AGRA states that “only about one quarter of Africa’s small-holder farmers have access to good seeds” and good seeds, in the eyes of AGRA funders and partners, are GM seeds, seeds that must be purchased every year, not farmer-saved seeds. Traditional seed laws that allow saving and exchange between farmers are “outdated” according to AGRA and they continue to push for changes in seed laws that would protect patented seed.
AGRA may think they have all the answers, but the problem is, they never asked the questions, they never asked the people of Africa or the farmers what they wanted. This is colonialism, not democracy.
As Mariann Bassey Orovwuje of the Environmental Rights Action (ERA)/Friends of the Earth Nigeria (FoEN) noted at a Town Hall Forum in Seattle last October, “if you are helping me, ask me the kind of help I need.”
Mercia Andrews, of the Trust for Community Outreach and Education (TCOE) in South Africa, sees AGRA and the Green Revolution as “another phase of colonialism.”
“What we need,” she stated, “is not more charity and more investment of the kind that’s being imposed on us, we need solidarity, we need learning together from you, from the peasant farmers, from the food movement, all these small markets that exist here, from the community to community movement. People to people solidarity, not corporate takeover.”

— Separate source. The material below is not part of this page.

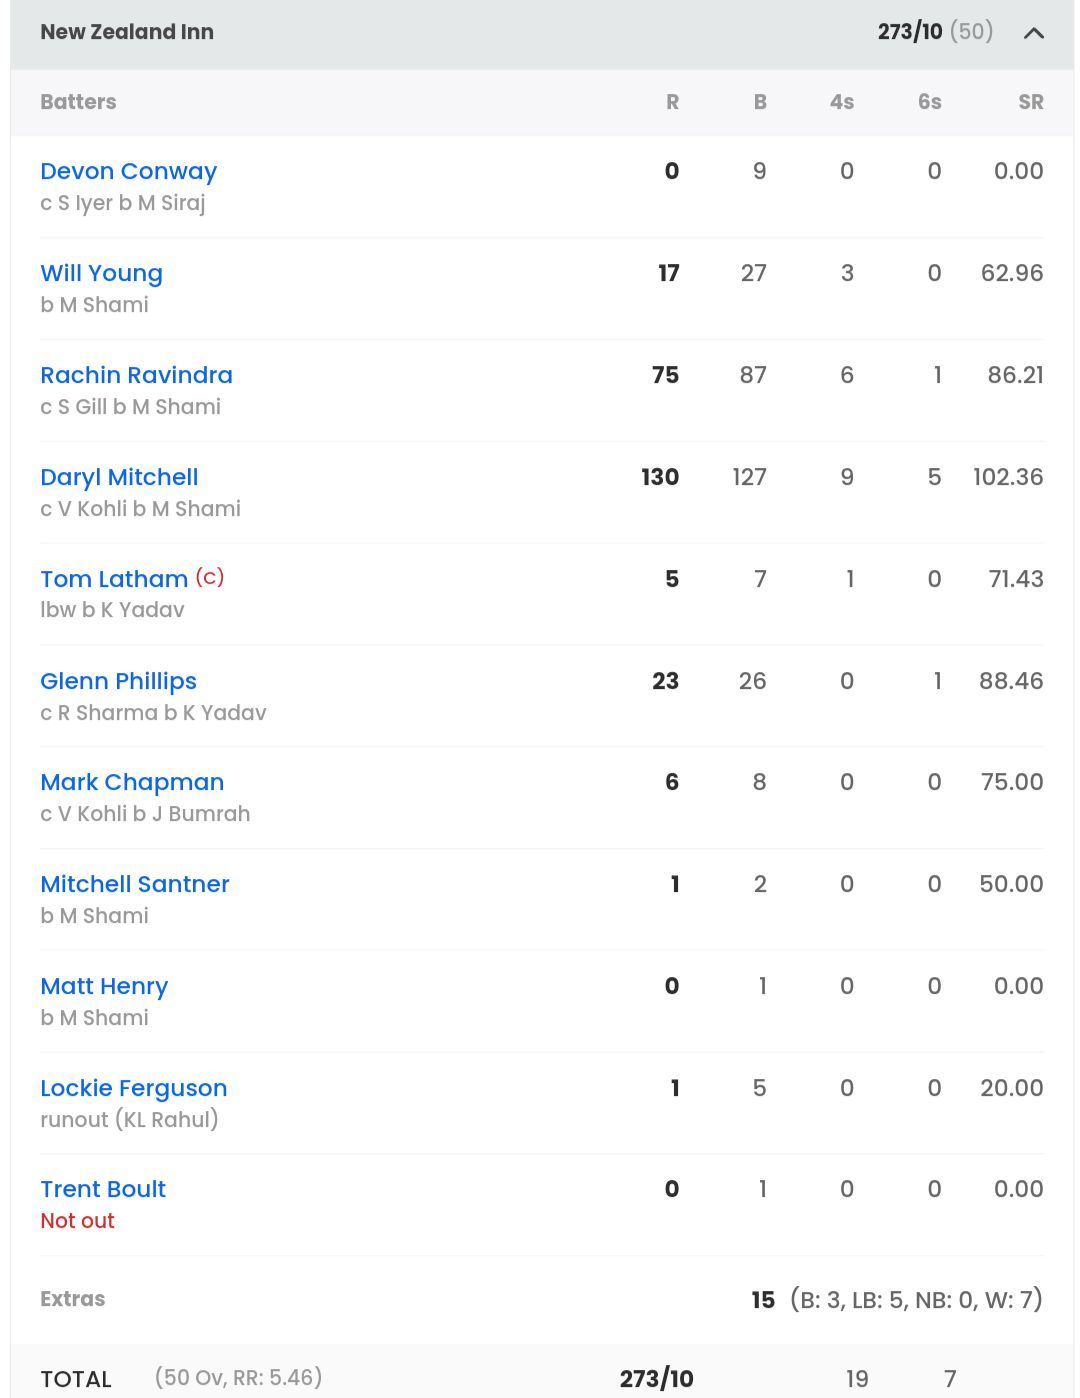 New Zealand batting scorecard vs India [Sportskeeda]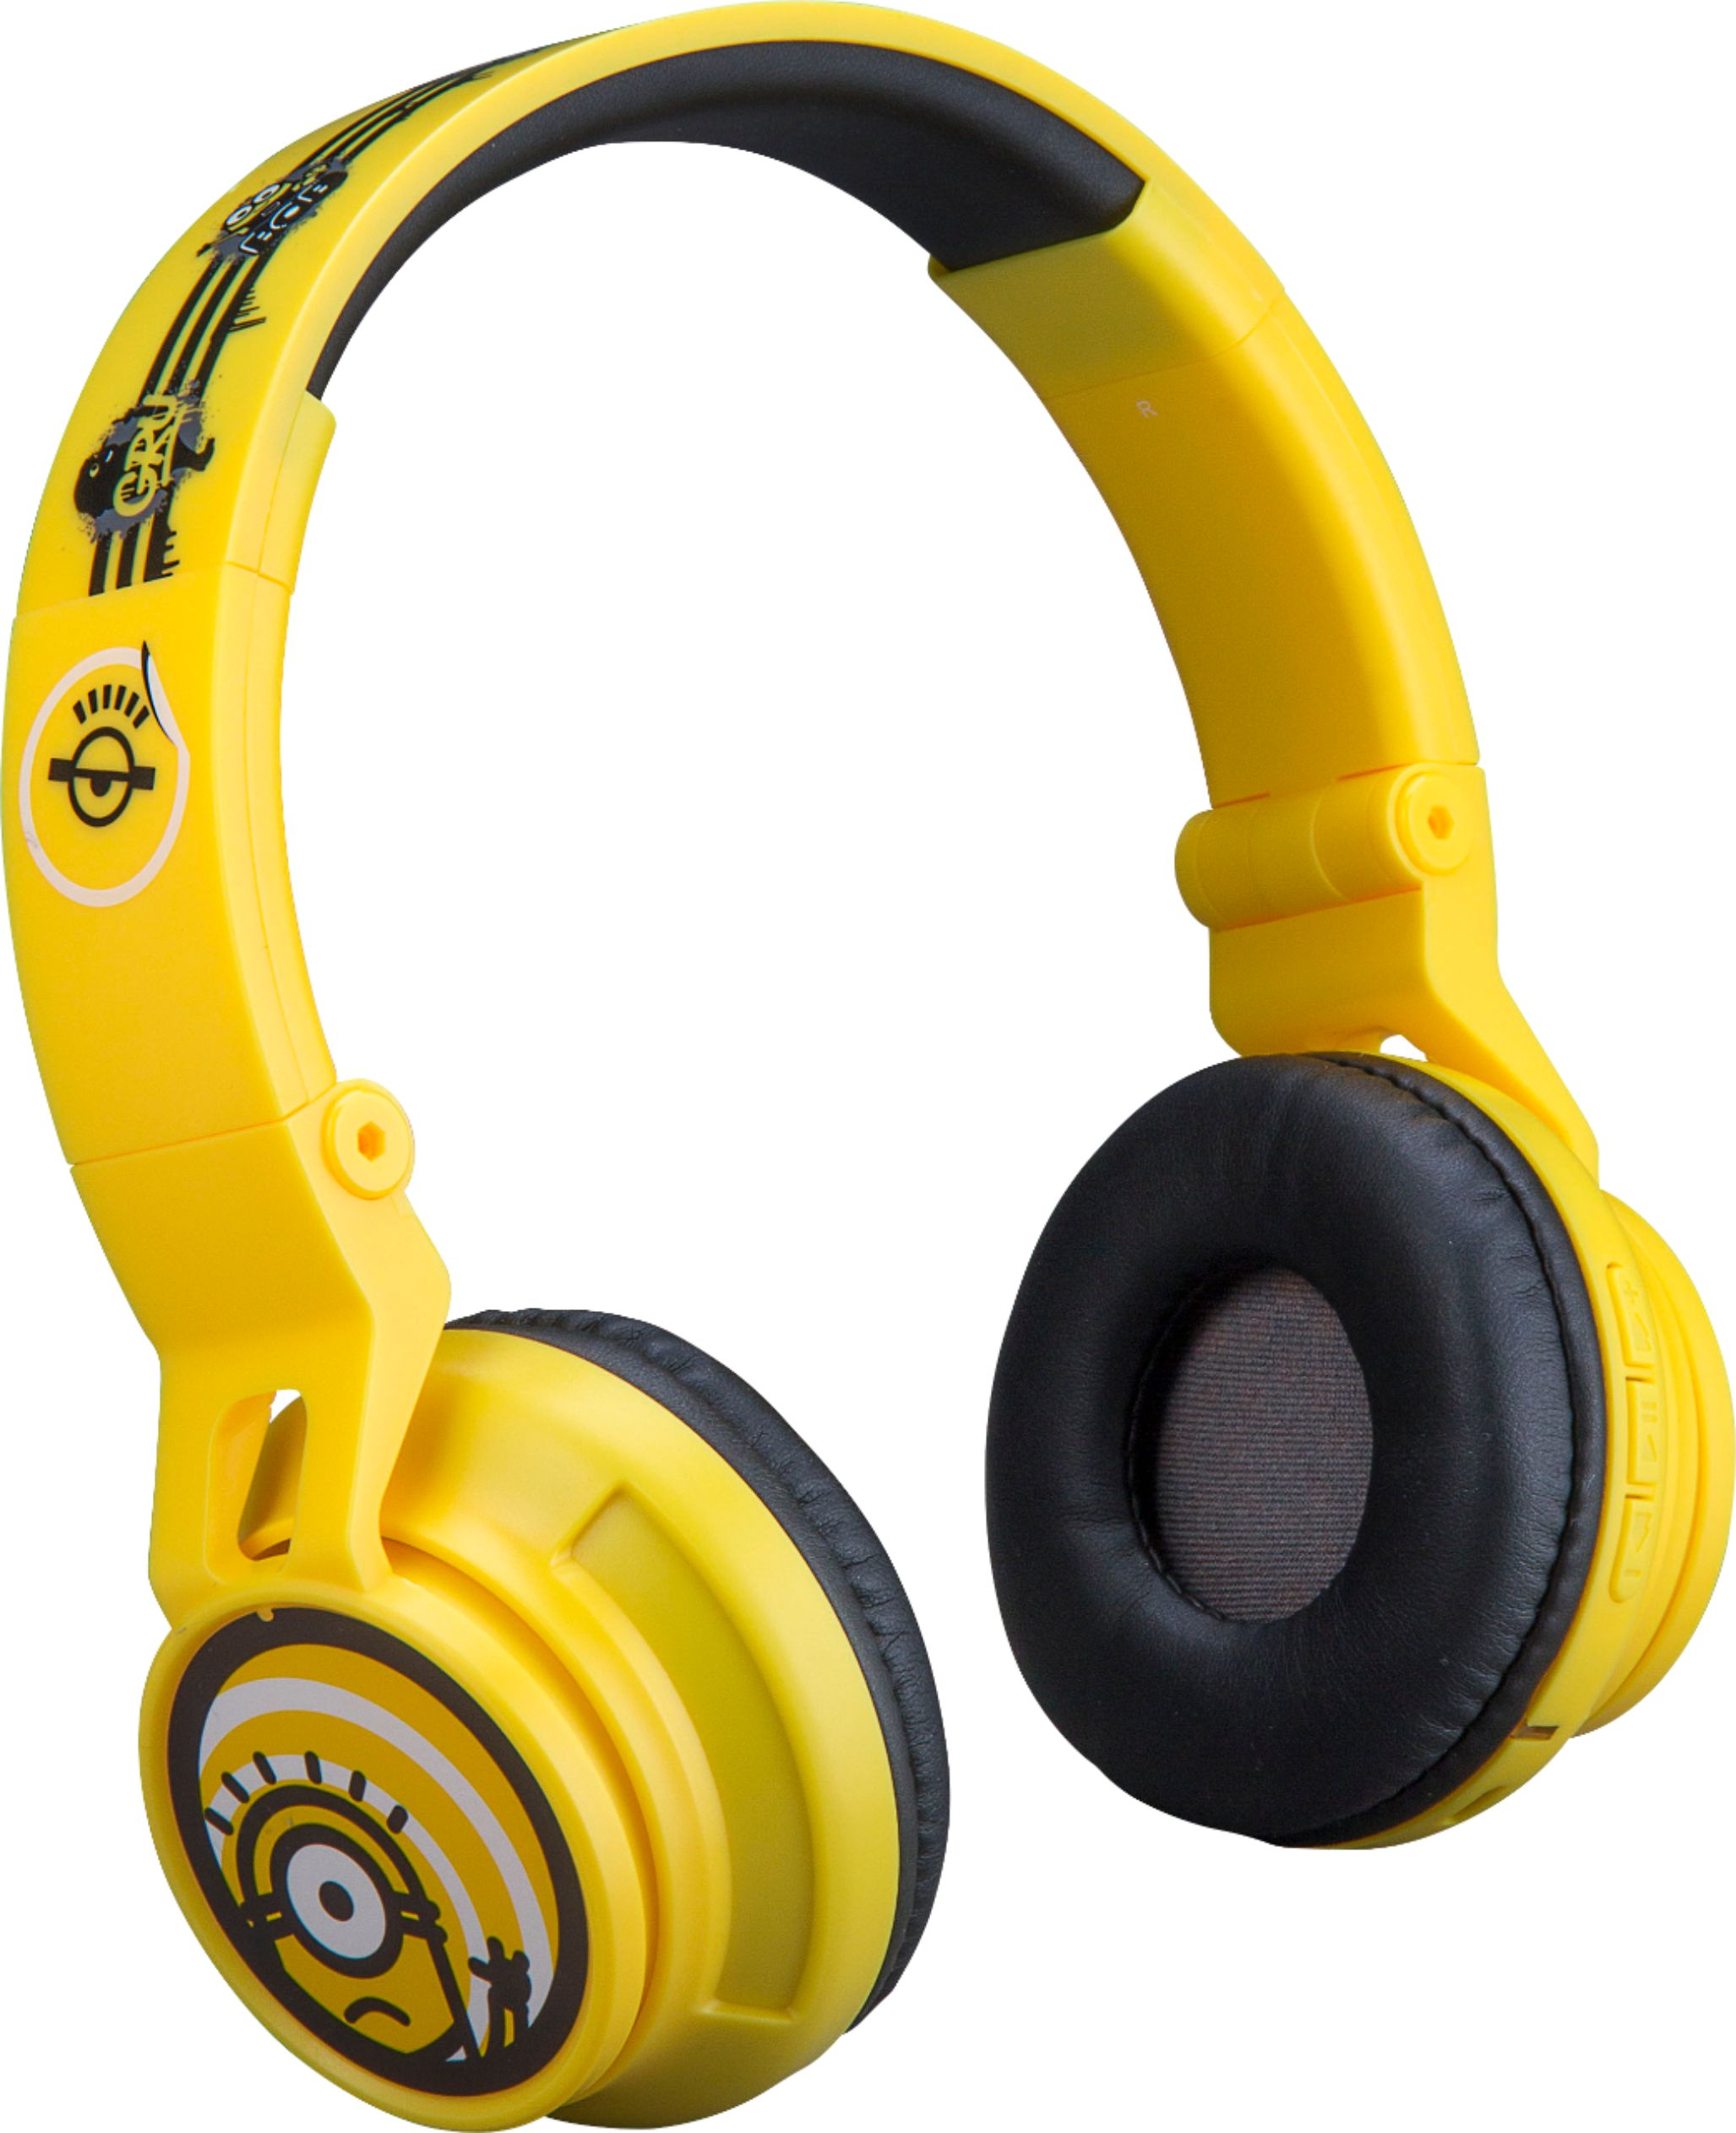 Angle View: eKids - Minions 2 Wireless Over-the-Ear Headphones - Yellow/Black

Mariam Mayet, director of the African Centre for Biosafety (Acbio), noted that “I want you take home the message that there are African farmer organizations that are outraged, we are angry because these decisions have been made imposed on us in a very patronizing, patriarchal, violent way, like we are children, that they have designed a solution for us as to how they can fix up what is broken.”
In his address to the Triennial Forum for Research in Africa General Assembly on July 18, 2013, Dr. Kanayo Nwanze, president of the International Fund for Agricultural Development (IFAD), stated that “Africa can feed Africa. Africa should feed Africa. And I believe that Africa will feed Africa.” And, interestingly enough, he didn’t once mention GMOs.
Just as AGRA would force its program on Africa, Nwanze felt that the decline of African agriculture, in large part, was due to structural adjustment programs forced on many of the continent’s nations by the World Bank. And cutting to the heart of the Green Revolution he noted that “if we set our sights only on improving productivity, there is a very real danger that we will grow more food in Africa without feeding more people.”
He stressed that “results must be measured not by higher yields alone, but by reduced poverty, improved nutrition, cohesive societies and healthy ecosystems. And, agricultural development must involve women who are too often… the most disadvantaged members of rural societies.”
AGRA believes progress is large scale farming, mono-cultures, “improved” GM seed, and a further industrialized agricultural system. However, none of these have ended hunger. This style of agriculture did not not and will not feed the world, though this is what we are constantly told to believe.
In his book, Farmageddon Brewster Kneen notes that “In the name of progress, these new powers would like us to believe that there is no alternative to their biotechnological project. They are simply the agents of destiny. We should adjust to their rule with gratitude for their leadership and their efforts on our behalf, whether we asked for it or not.”
Colonialism is patronizing, patriarchal and violent, and to believe that AGRA’s vision for Africa, Africa’s people, its farmers, or the continent itself is anything other than a new colonialism designed to benefit corporate agribusiness and the partners of AGRA while it ultimately impoverishes the people and the culture of Africa is not just laughable, but unequivocally misguided and dangerous.